Thursday, March 23, 2017

Golda's Story (redressed Golden Dream Barbie)

Have you ever had to 'reinvent yourself'? For humans, 'reinventing yourself' means deciding to change something about yourself to change how other humans see you. For dolls, it's sort of the reverse. Our owners decide who we're going to be in whatever game they're playing, and for a while at least we become whatever they imagine. You could say that being a doll is all about 'reinventing yourself'.

There are exceptions of course. Collector dolls, because they're made for display and not play, usually don't need to be as adaptable as playline dolls. But even playline dolls can have more set roles, depending on what kind of play they were designed for. I'm a playline doll, and like a lot of playline dolls I was made to take advantage of popular trends. In my case, I was made so children could get a taste of a lifestyle that was popular back when I was new.

I left the factory in the early 1980s. Dallas was one of the highest rated shows on television and being gorgeous, rich and successful was 'in'. I guess some things haven't changed that much since then.

With my 'billion dollar look', to quote the words that were printed on my box, I was made to live a glamorous life. Even my accessories were described on my box as 'glamorous'. And for a while my life played out exactly the way my designers had pictured it. My first owner imagined me driving around town in a fancy car, shopping at the most fashionable places, and attending grand gala parties in the evenings.

What I didn't know then was that it couldn't last forever. My first owner had to grow up sometime. And even though I was at the height of fashion when I was first made, I ended up hopelessly outdated as time passed and trends changed. Not only that, but my long-term future was basically sabotaged from the start thanks to one design decision. I was made with Mattel's trademarked 'Quick Curl' hair. Tiny wires were rooted into my head along with my regular hair to help the hair hold a curl when it was styled. The problem is that the wire doesn't hold up well over time, and 'Quick Curl' hair usually becomes very matted and difficult to work with as it ages.

I was certainly a mess when Treesa found me at the thrift store. To be honest, I have no idea why Treesa bought me in the first place. Maybe she didn't realize I had 'Quick Curl' hair. Maybe she wanted me because I was a 1980s doll still dressed in part of my original outfit. Treesa collects other 1980s toys. Maybe Treesa just felt sorry for me. Or maybe she saw past what I looked like and saw something worthwhile in me.

Whatever made Treesa decide to bring me home, she quickly got to work trying to make me look presentable. But she realized early on that my hair was basically a lost cause. The tangled mess of wires couldn't really be combed out. They could sort of be molded into a general shape, but that was about all. And a reroot wasn't an option, because Treesa has no rerooting experience. Someone else might've decided to throw me away. But Treesa's mind works a little differently than any other human I've met. Instead of trying to turn me back into what I looked like before Treesa helped me 'reinvent myself' by tying a colorful scarf around my hair and dressing me in a Disney Hunchback Of Notre Dame Esmeralda fashion.

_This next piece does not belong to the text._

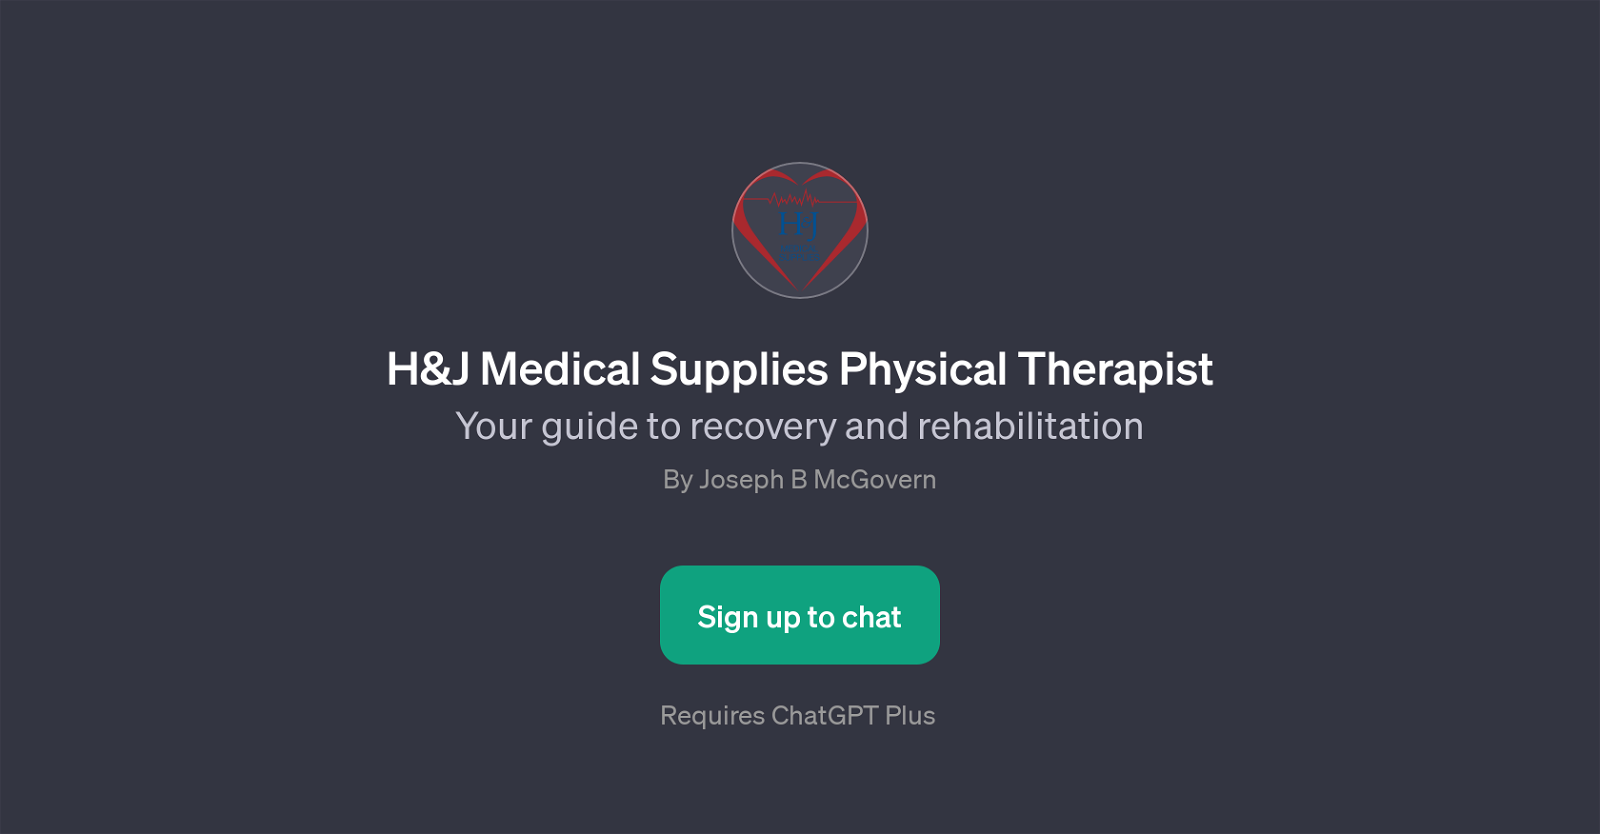 H&J Medical Supplies Physical Therapist website

Treesa named me Golda, a play off my factory name 'Golden Dream' and a reference to the musical Fiddler On The Roof. My new gypsy/peasant look was so different from the over-the-top glamour of the 1980s that it took some getting used to. But at least I wasn't alone. This past Halloween, Treesa did a photo shoot where I met Tara for the first time.


Tara started out as a western themed Barbie friend, but Treesa had bought her second-hand and dressed her in an Esmeralda fashion the way she'd redressed me. It was nice meeting another doll who was also adjusting to having a completely different look, and who seemed to have a lot of the same feelings I did about 'reinventing' herself. Tara seemed happy to meet me too, and we became very good friends. I think Tara might've been my first real friend. My first owner didn't have many other dolls and living with her was like living in my own personal, but imaginary, 'Beverly Hills' bubble.

Sometimes I still miss the glitz and glamour of my old life. But having friends like Tara helps to make up for that. Besides, I know there's a lot more to who I am than what I wear. Just because I don't dress in metallic gold anymore doesn't mean I'm not still a 'superstar'. Every doll is unique and valuable to the people, and dolls, who know and love them. There must've been hundreds, maybe millions, of dolls that were made to look just like me.  But in Treesa's heart, and in the hearts of my doll friends, I can never be replaced or forgotten. And in my heart, I feel the same way about them. Because friends like that are worth their weight in gold.